Dürr AG
- Type: Aktiengesellschaft
- Traded as: FWB: DUE SDAX
- Industry: Plant and machinery construction
- Founded: 1896; 130 years ago
- Founder: Paul Dürr
- Headquarters: Stuttgart, Germany
- Area served: Worldwide
- Key people: Jochen Weyrauch, CEO Dietmar Heinrich, CFO Gerhard Federer, Chairman of the Supervisory Board
- Revenue: 4.2 billion Euro (2025)
- Number of employees: 18,000 (2025)
- Website: www.durr-group.com

= Dürr Group =

German engineering firm

Dürr AG is a global mechanical and plant engineering firm. The company, founded by Paul Dürr (1871–1936) as a metal shop for roof flashing in Bad Cannstatt in 1895, has been listed on the Frankfurt Stock Exchange since 4 January 1990. Meanwhile, the shares are listed in the MDAX and Stoxx 600. The customers of Dürr AG include almost all familiar automobile manufacturers and their suppliers. Other market segments include, for example, the mechanical engineering, chemical and pharmaceutical industries and – since the takeover of HOMAG Group AG in October 2014 – the woodworking industry. The company is registered in Stuttgart, but its actual location (mailing address) has been in Bietigheim-Bissingen since 1 August 2009 after the relocation of various business units.

== Company history ==
In 1896, a metal shop for roof flashing was founded in Bad Cannstatt by Paul Dürr. In 1917, the company expanded to sheet metal processing. In 1932, Paul Dürr handed the running of the company over to his son, Otto Dürr, who established a construction office.

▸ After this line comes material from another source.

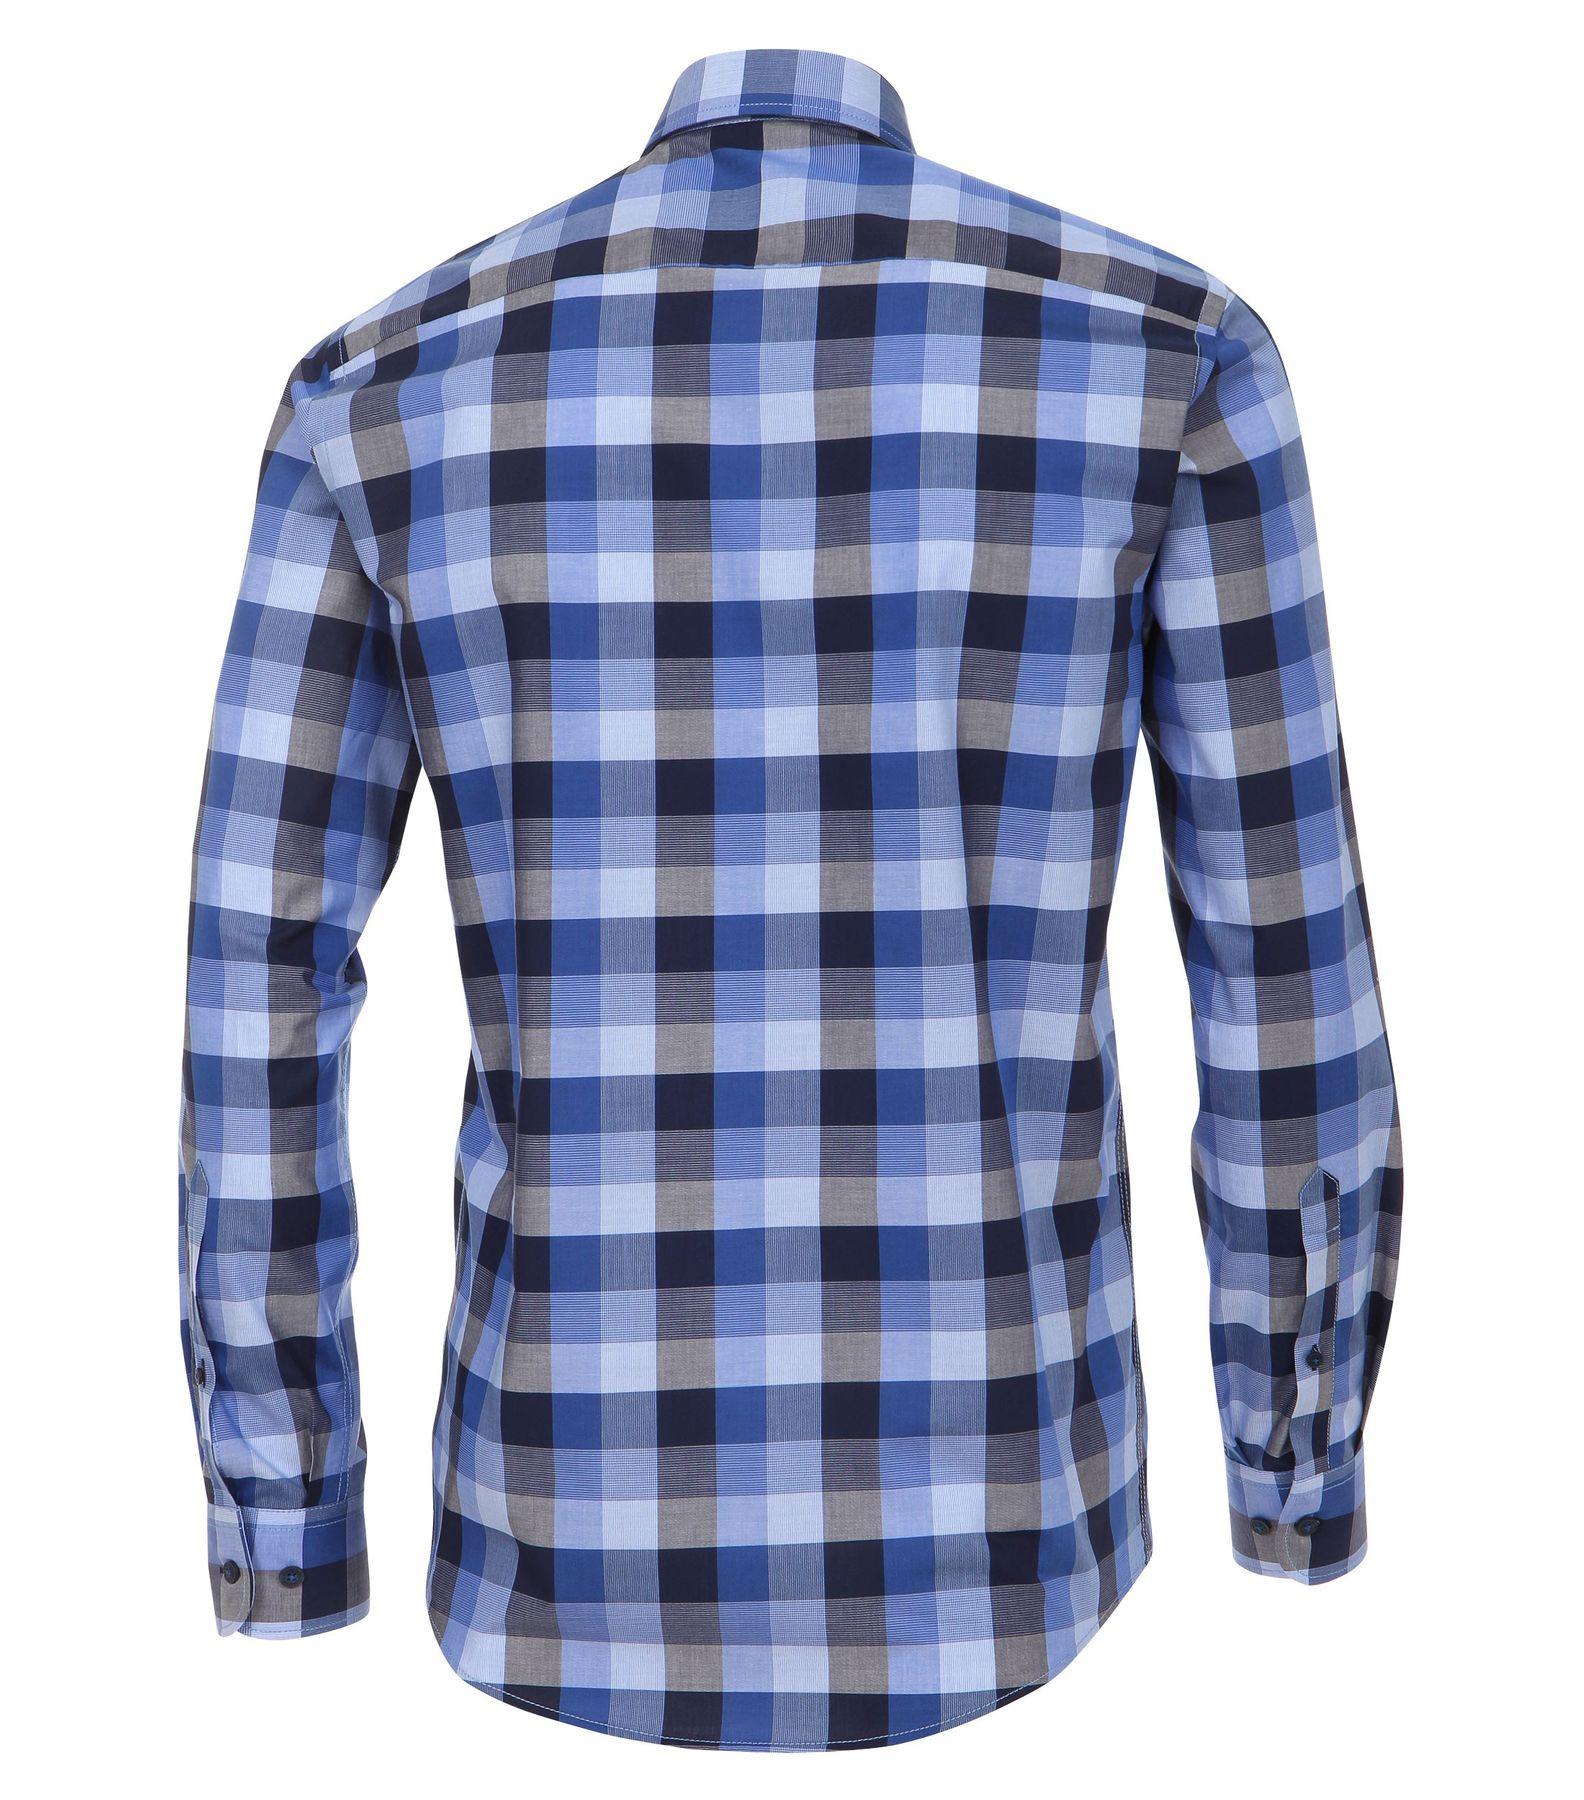 Casa Moda - Casual Fit - Dobby Herren Hemd kariert mit Button Down-Kragen in Rot und Blau (472837100A) – Bild 2
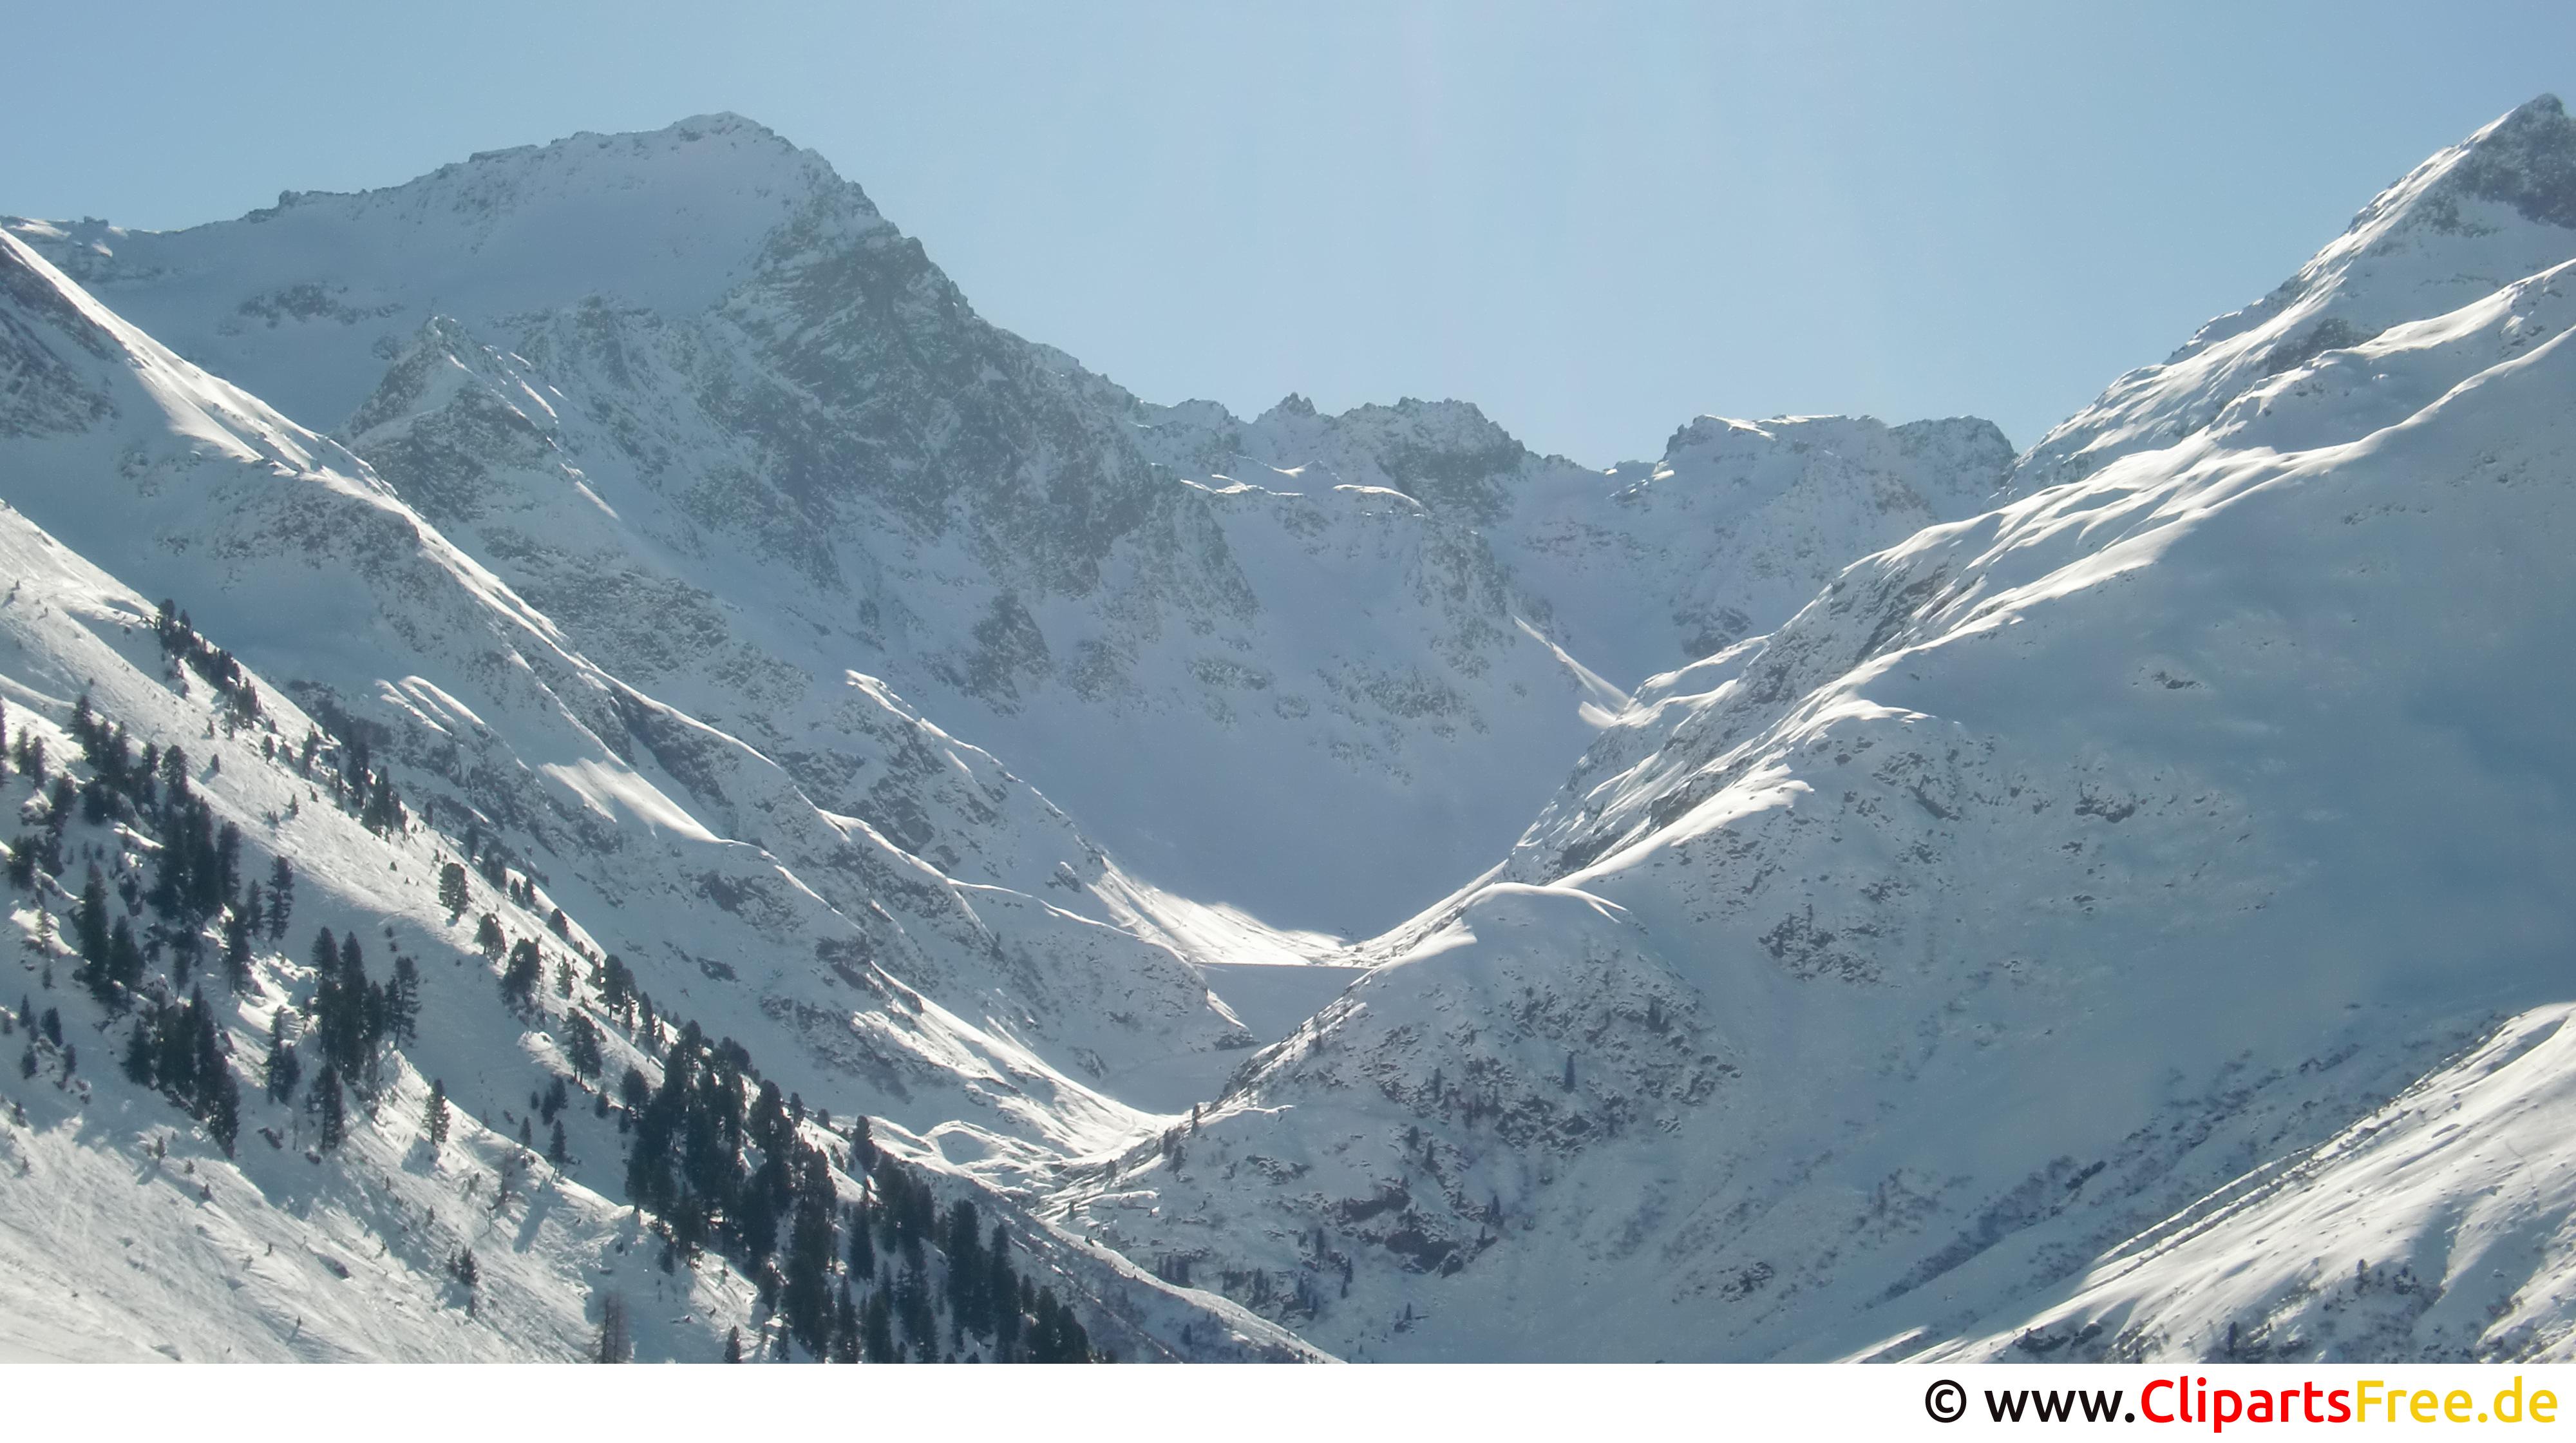 Winteralpen Bild, Foto, Grafik kostenlos

With the rise of the National Socialists in 1936, the economic policy of the National Socialists focuses on self-reliance and rearmament. This initially leads to a perceptible upswing for German industry. It is not long before Dürr’s order books also look healthy again. While a modern production site is established in Stuttgart-Zuffenhausen, a workshop for apprentices is set up in Cannstatt, since the company is training more and more new recruits. It was also during this period that Dürr first hired engineers and began performing internal design work. With the invasion of Poland by the German army triggering the Second World War on September 1, 1939. Dürr became part of the Nazi arms industry and delivers, among other things, sheet metal parts for military vehicles. During the war, the company also uses forced laborers. Company History

Plant construction began in 1950 with the first system for chemical surface treatment. In 1963, Dürr installed the first equipment for electrophoretic dip-painting in the Ford factory in Genk, Belgium. In 1964 and 1966, subsidiaries were founded in Brazil and Mexico.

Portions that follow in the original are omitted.